Home > Other > Brilliant, Brilliant, Brilliant Brilliant Brilliant > Page 14
Brilliant, Brilliant, Brilliant Brilliant Brilliant Page 14

by Joel Golby


  When I was nine years old, Labour won the election. I remember this because I woke up to my mother cheering—my mother had a very unusual way of celebrating things, which was to grit her teeth together, punch the air in front of her, and somehow without opening her mouth shout “Yes!”—and my Year 5 teacher came to school that day in a brilliant red pantsuit. I was raised in a firmly anti-Conservative household—I vividly remember bouncing on my bed at age seven, or eight, with my friend Charlie, and we were discussing the country’s prime minister at the time, John Major. “I hate him because he takes all our money,” I told Charlie, solemnly. I have no idea how that idea filtered into my young brain. I am assuming my parents whispered anti-Tory sentiment to me in the womb. “Fuck Maggie Thatcher,” they might coo through the bump to my fetus. “Burn the witch like she burnt the industry out of this country.” I’ve voted Labour all my life, and until they zig too far over the wobbly line in the center of British politics, I will continue to. You’re meant to vote to bring the rest of the country up, not protect those who have already made it. I digress.

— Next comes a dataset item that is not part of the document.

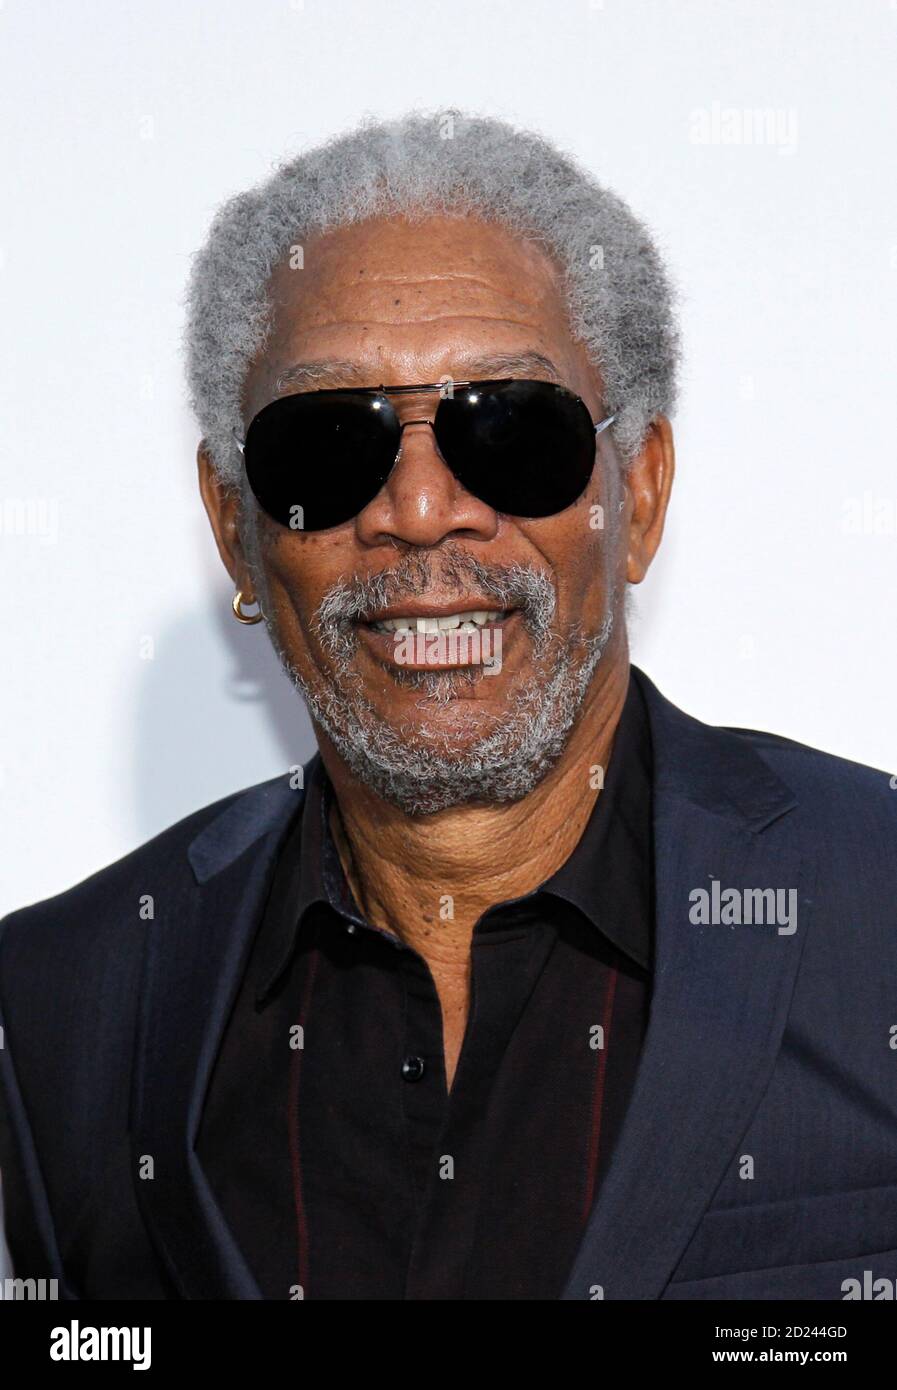 Morgan Freeman arrives at the 21st annual Producers Guild of America Awards in Los Angeles January 24, 2010. REUTERS/Danny Moloshok (UNITED STATES - Tags: ENTERTAINMENT HEADSHOT) Stock Photo

  The point is: fuck all that, because when I play Monopoly, I am David Cameron rimming Maggie off, I am Edwina Currie fucking John Major harder than he can fuck her back, I am a roaring-drunk Boris Johnson, I am Tory to the core-y, I am shaking hands with property developers in shady backroom multimillion-pound deals, I am blocking social housing to build luxury apartments in an effort to squeeze an extra £200K into my own private account, I am wearing a panama hat in the Cayman Islands and laughingly lighting a cigar with a £50 note. This is where Monopoly truly comes into its own: it allows you to rub away all your morals, all your ethics, all your beliefs, all the myriad ways you have been shaped into who you are today, all the saturated memories of Election Day 1997, all the bouncing on a single bed with Charlie, bemoaning the state, all that, gone—because in Monopoly you get, for a minute at least, to taste what it is to be the bad guy. To leverage property to crush those around you who you deem to be lower. You get, for a moment, to be Conservative and Republican all at once. You taste what it is like to be powerful and rich. And I would like to tell you, all of you: Stop this from ever happening to me in real life. Stop me from ever accruing wealth. Because, if Monopoly is anything to go on—and it absolutely is—I will become a monster.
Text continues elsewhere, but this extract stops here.